Comment too long. Click here to view the full text.

It's critical to prove from one side of the equation as well.
In particular, look at step 1.
You should show that 1-1/(2^2) = 3/4
and then show that (2+1)/(2*2) = 3/4

They shouldn't be shown at the same time, on opposite side of an equation. Writing it like that assumes that they are already equal and you should get used to writing it properly, it'll come up repeatedly.

>>11458
You have 12 players and you need to choose 3 of them so 12!/(3!(12-3)!)

https://en.wikipedia.org/wiki/Combination

>>11461
And that's 220, if you don't know binomials.

>>11463
and thats 11011100 in binary, if you don't know the decimal system

>>11548

1101110

>>11549
Disregard this. I don't even.

Why would acceleration due to gravity vary?

>>11842
well, if you have a particle falling from a significant distance away from a gravitational attractor, because gravity is an inverse square law, the field is not constant. you can only ignore the variance of the gravitational field at different radius' for changes in height much much less than the radius of the earth.

As per the OP, I would say the best way to solve this problem would be to solve for the velocity as a position of function using energy, and then integrate.

>>11841
acceleration is derivative of velocity, and displacement is integral of velocity. So the change in displacement is the velocity. Right?

>>11861
In this case acceleration is a function of position, however

What do you like? What are your hobbies?

If you like game theory, then why don't you simply learn about game theory?
I suggest you read about the minimax algorithm, with alpha/beta pruning and shit like that. It's between game theory and computer science so you might like it.
You could make a cool game and a cool AI to go with it. Like an online othello or something like that. The game itself is more /prog/, while the AI is more /math/.

If you prefer algebra and calculus then you could make a 3D game with pixel/vertex shaders. 3D engine are full of matrices and quaternion everywhere. A shader is basically a program to manipulate functions. Even a simple animation is math, it's just a function of time to your screen.

>>11869
I don't think my programming skills are quite good enough yet to make games, the closest I could get is to use a previous OpenGL program I made in class that just displayed moving particles that formed a pixelated pac-man, and get it to use input to determine movement of those particles and such. Not much math involved there, unless I were to get into gravity and stuff like that.
I think I might just pick at my textbook.
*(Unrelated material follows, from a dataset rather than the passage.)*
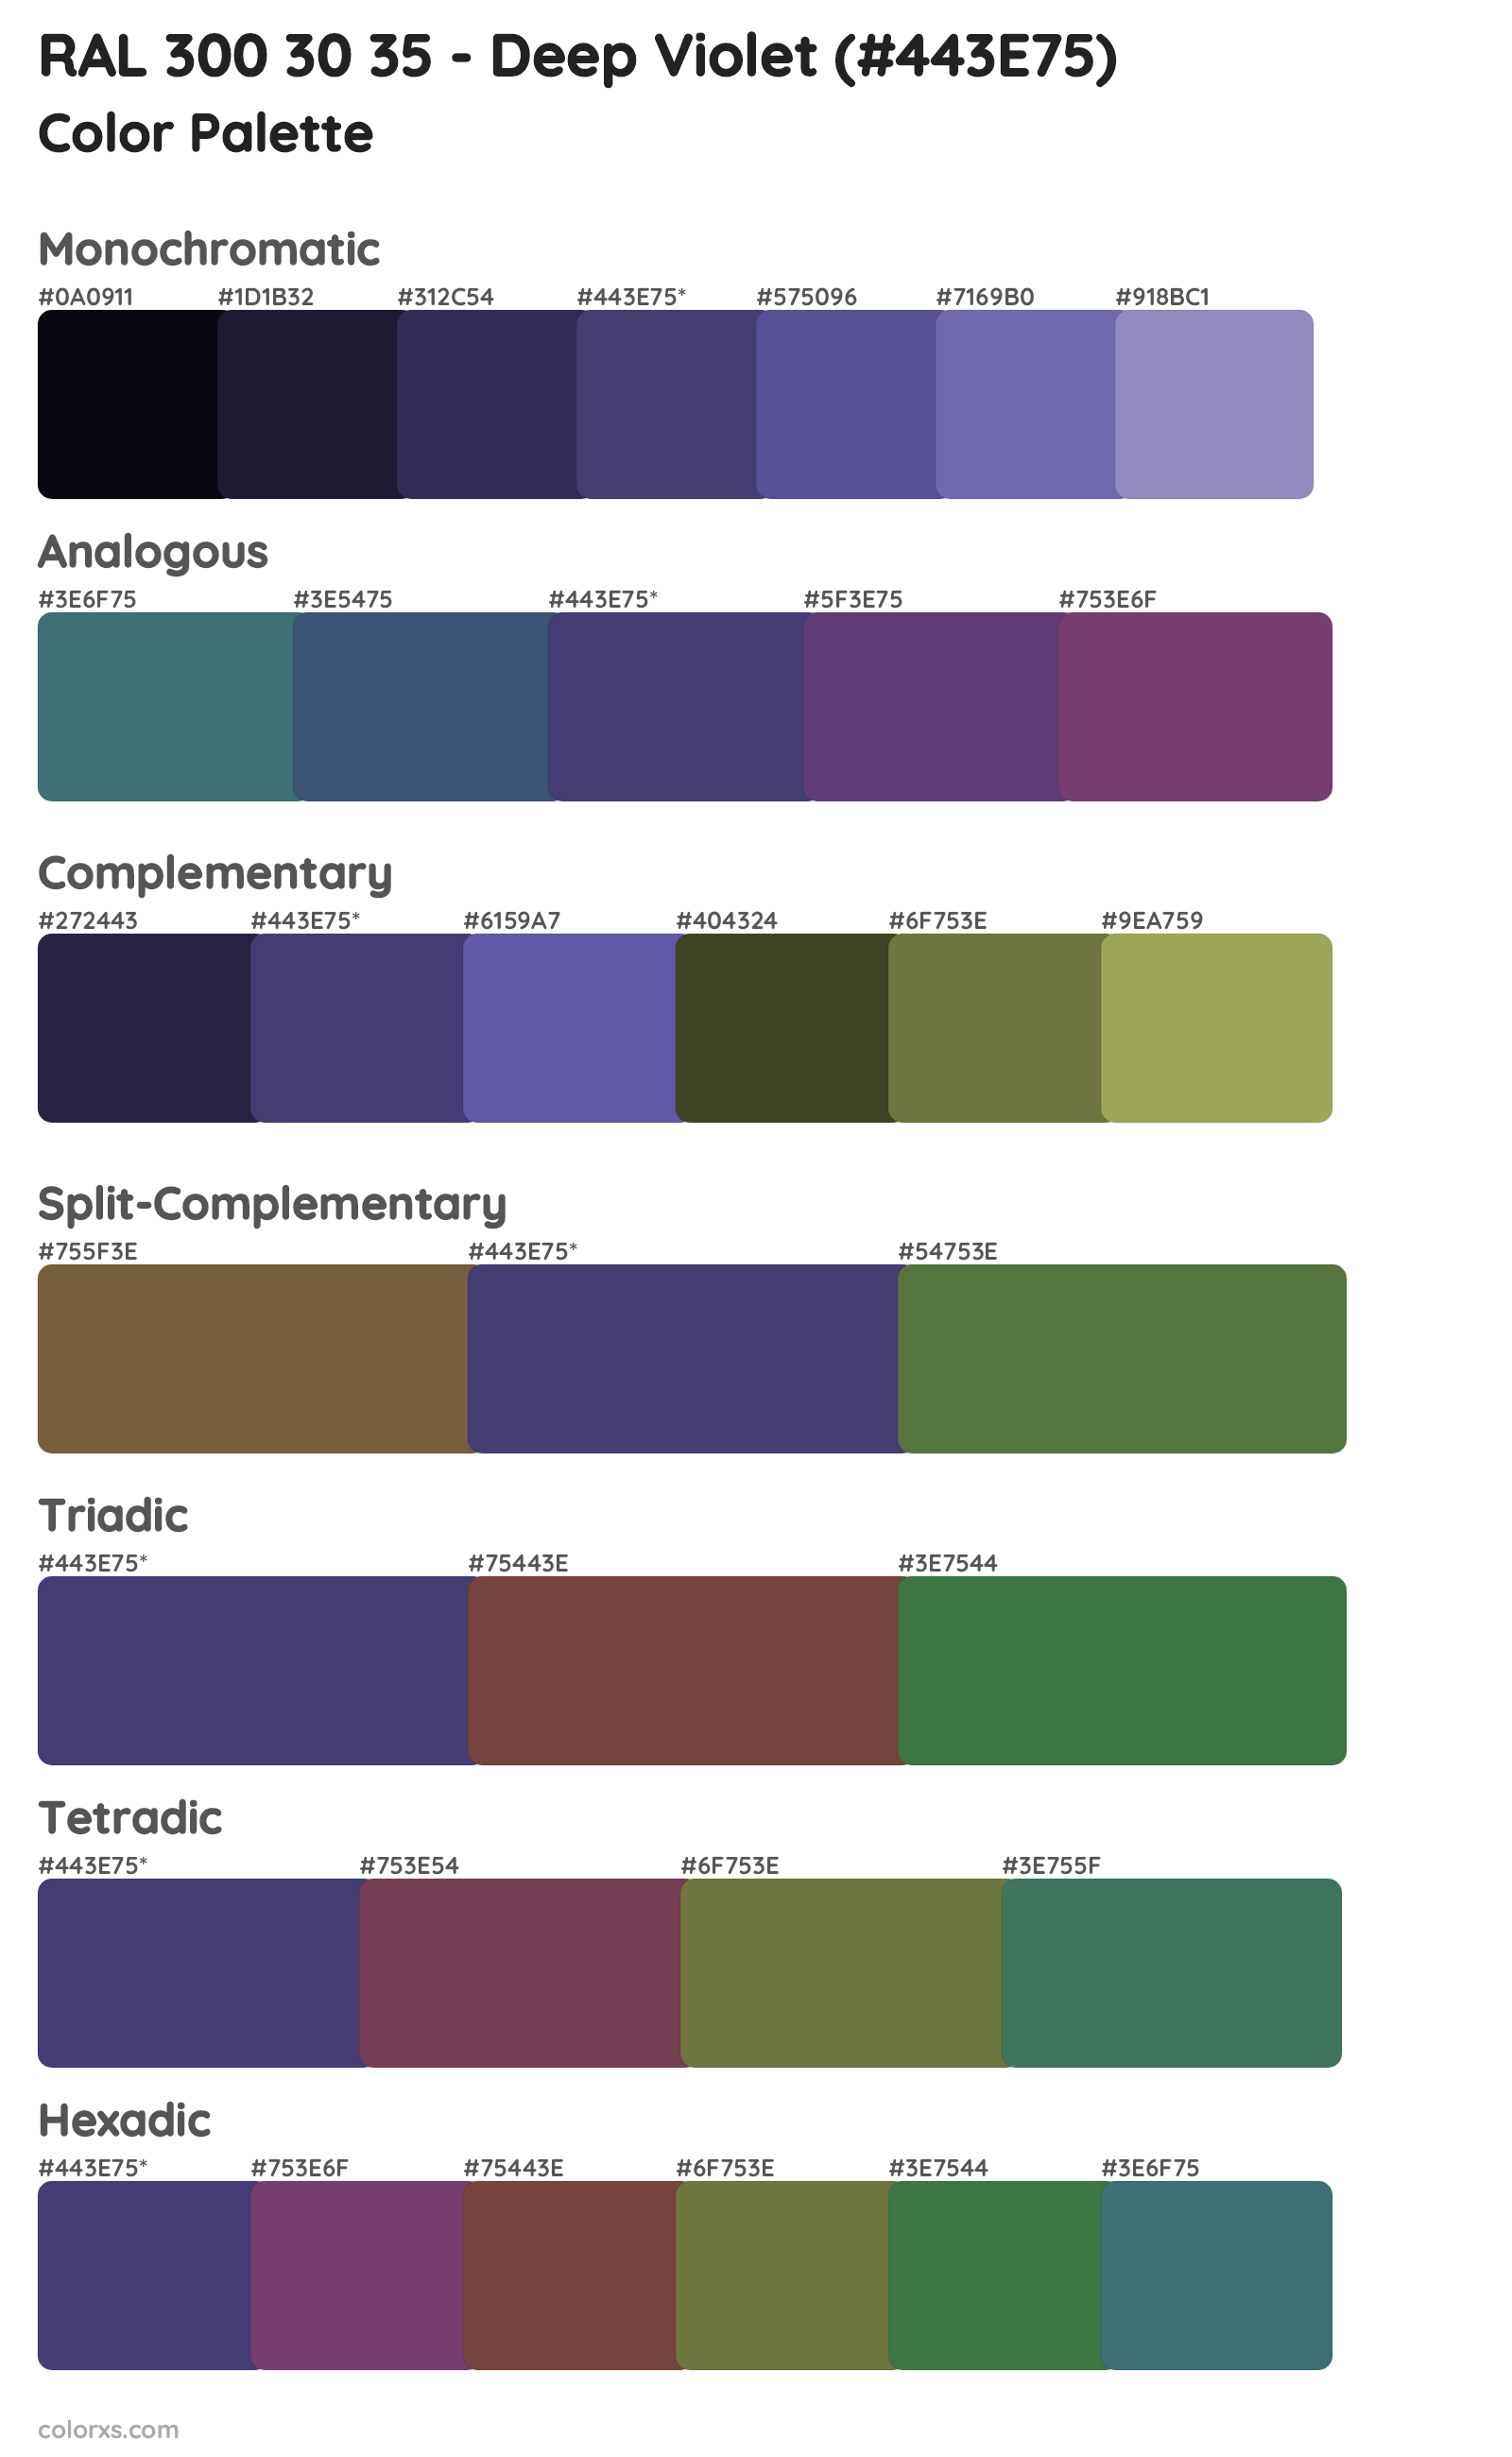 RAL 300 30 35 - Deep Violet Color Scheme Palettes

For useful/interesting mathematics to learn,
Linear Algebra is practically mandatory to do anything interesting or large scale in CompE so go as deep as you can down that rabbit hole.
Abstract Algebra and Group Theory appear everywhere including CompE and it's one of the most interesting areas of mathematics so definitely take a look if you have time.
(Non-Euclidean) Geometry especially projective geometry appears a lot in Comp Vision, Robotics, Comp Graphics so it would be very beneficial to read through college level geometry book like Brannan before you run into those topics and quickly get lost.
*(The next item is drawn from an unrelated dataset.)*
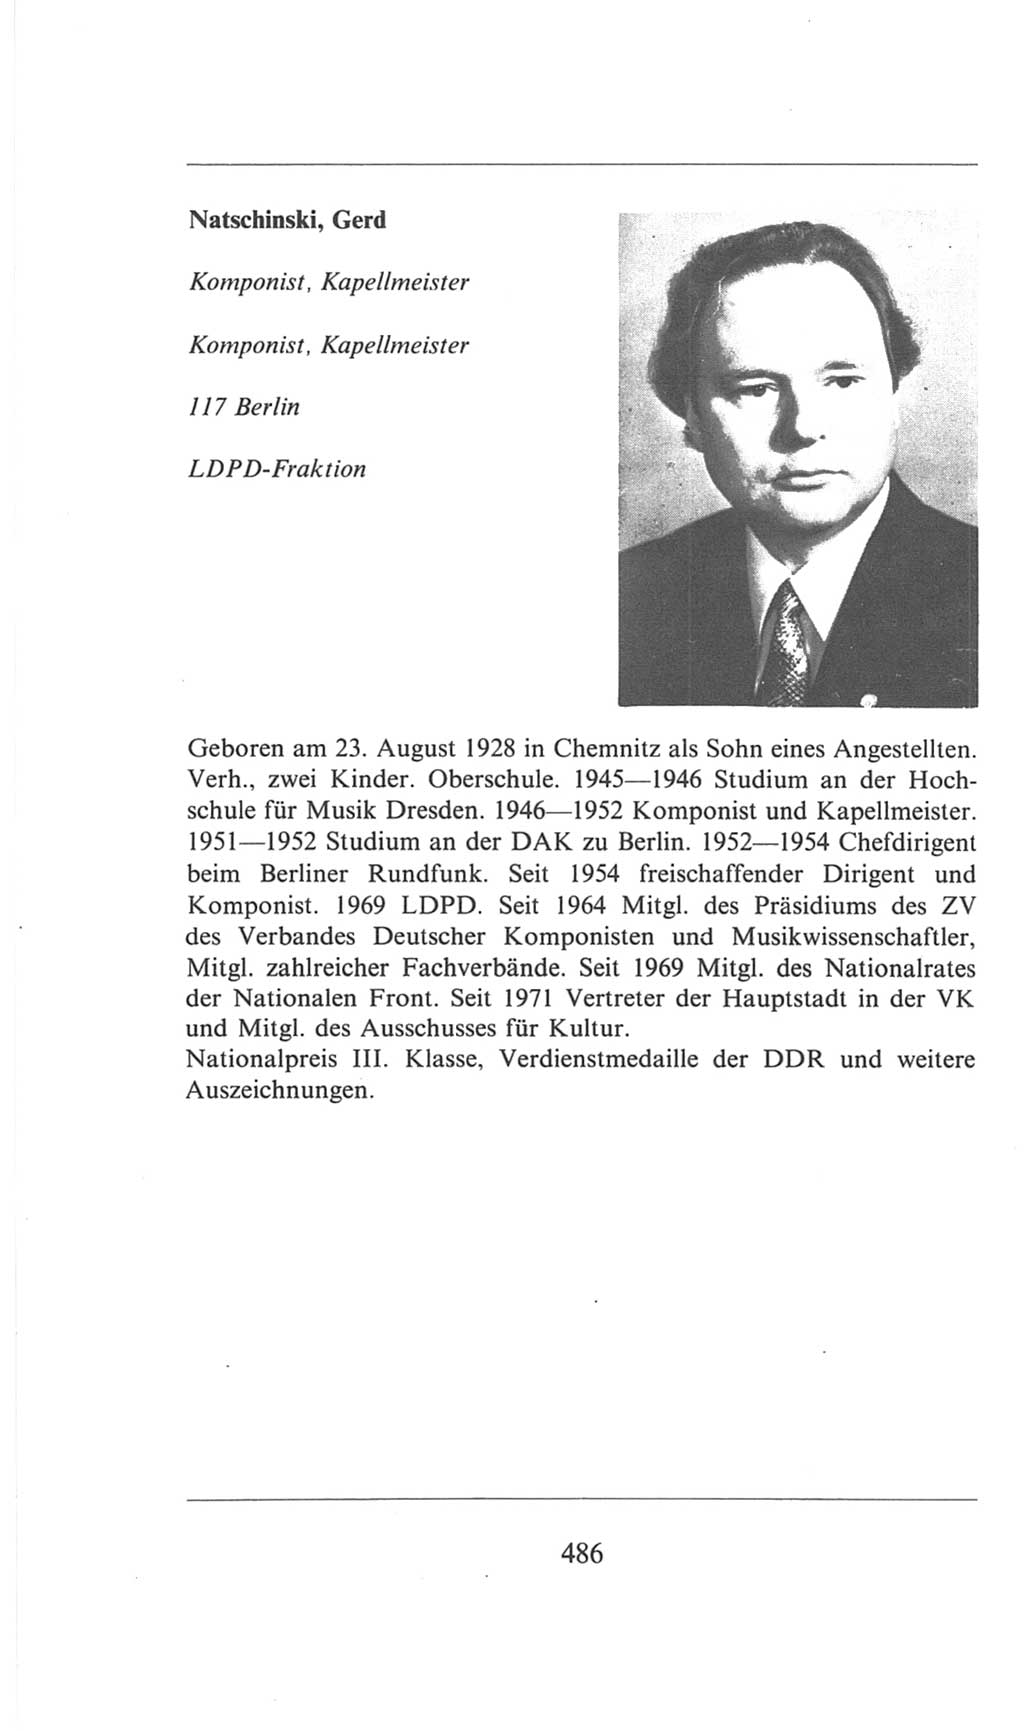 Volkskammer (VK) der Deutschen Demokratischen Republik (DDR), 6. Wahlperiode 1971-1976, Seite 486 (VK. DDR 6. WP. 1971-1976, S. 486)

Complex Analysis, Fourier Analysis, PDEs, and Functional Analysis are also important but trying to learn them by yourself might be a little too difficult at your level...

>Computer Engineering
>Java

Why the fuck are you wasting your life learning Java? Learn C++/Python/Matlab/ARM/Verilog, something useful for your profession...
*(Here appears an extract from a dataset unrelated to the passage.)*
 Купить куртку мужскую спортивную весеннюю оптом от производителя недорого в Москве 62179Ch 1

subtracting a vector is the same as adding a vector of the same magnitude but opposite direction. If the vector that was to be subtracted was at magnitude 3 at 90 degrees, it would be the same as adding a vector of magnitude 3 at 270 degreees.

Strictly algebraically: You can just subtract the components of B from the components of A.

Geometrically: A - B means, assuming you understand how to add vectors, that you add A and -B. If it makes it easier for you to think about, -B is just B in the opposite direction, so you can draw the negatives of each vector and simply treat them all like addition. I hope we helped. I know I said the same as the other guy, but different wording helps for different people. nb since redundancy.